TRY IT:
Start at the line that contains "jute mini skirt". Repeat it and each line after it, exactly, up to and including the final line of the data.

EXCERPTED DATA:
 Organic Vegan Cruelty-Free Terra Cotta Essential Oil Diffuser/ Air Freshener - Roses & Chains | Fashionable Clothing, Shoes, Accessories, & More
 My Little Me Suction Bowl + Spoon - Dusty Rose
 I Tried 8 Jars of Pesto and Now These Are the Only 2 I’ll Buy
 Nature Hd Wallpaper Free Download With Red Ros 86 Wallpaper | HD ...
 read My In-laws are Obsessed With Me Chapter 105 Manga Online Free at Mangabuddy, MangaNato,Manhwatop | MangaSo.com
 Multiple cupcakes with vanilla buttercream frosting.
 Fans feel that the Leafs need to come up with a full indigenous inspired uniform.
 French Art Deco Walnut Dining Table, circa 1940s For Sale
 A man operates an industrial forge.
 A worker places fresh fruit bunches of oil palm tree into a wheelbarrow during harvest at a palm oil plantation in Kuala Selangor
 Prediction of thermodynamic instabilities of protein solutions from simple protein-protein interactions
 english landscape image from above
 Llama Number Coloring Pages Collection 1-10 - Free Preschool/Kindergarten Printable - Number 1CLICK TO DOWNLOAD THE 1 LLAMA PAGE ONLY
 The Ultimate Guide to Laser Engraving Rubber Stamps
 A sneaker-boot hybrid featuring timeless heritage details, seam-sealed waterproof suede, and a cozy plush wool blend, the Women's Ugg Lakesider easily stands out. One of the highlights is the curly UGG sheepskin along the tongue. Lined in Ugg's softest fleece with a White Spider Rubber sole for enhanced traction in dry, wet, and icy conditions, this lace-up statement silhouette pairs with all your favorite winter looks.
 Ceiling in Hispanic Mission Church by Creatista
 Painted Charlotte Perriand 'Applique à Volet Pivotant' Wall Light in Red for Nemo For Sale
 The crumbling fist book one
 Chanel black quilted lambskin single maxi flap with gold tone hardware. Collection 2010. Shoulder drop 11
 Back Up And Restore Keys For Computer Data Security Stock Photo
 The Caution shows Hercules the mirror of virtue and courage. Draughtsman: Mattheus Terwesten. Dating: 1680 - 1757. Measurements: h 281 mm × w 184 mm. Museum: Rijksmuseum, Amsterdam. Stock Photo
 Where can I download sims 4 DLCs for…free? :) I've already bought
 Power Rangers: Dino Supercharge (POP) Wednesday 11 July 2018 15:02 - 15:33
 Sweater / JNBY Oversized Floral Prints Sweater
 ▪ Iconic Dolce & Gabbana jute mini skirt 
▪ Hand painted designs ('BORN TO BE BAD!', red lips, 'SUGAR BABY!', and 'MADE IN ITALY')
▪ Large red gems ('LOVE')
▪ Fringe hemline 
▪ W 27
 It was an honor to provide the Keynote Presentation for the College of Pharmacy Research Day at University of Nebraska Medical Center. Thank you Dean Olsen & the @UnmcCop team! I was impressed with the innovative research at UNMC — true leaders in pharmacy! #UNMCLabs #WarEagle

RESULT:
 ▪ Iconic Dolce & Gabbana jute mini skirt 
▪ Hand painted designs ('BORN TO BE BAD!', red lips, 'SUGAR BABY!', and 'MADE IN ITALY')
▪ Large red gems ('LOVE')
▪ Fringe hemline 
▪ W 27
 It was an honor to provide the Keynote Presentation for the College of Pharmacy Research Day at University of Nebraska Medical Center. Thank you Dean Olsen & the @UnmcCop team! I was impressed with the innovative research at UNMC — true leaders in pharmacy! #UNMCLabs #WarEagle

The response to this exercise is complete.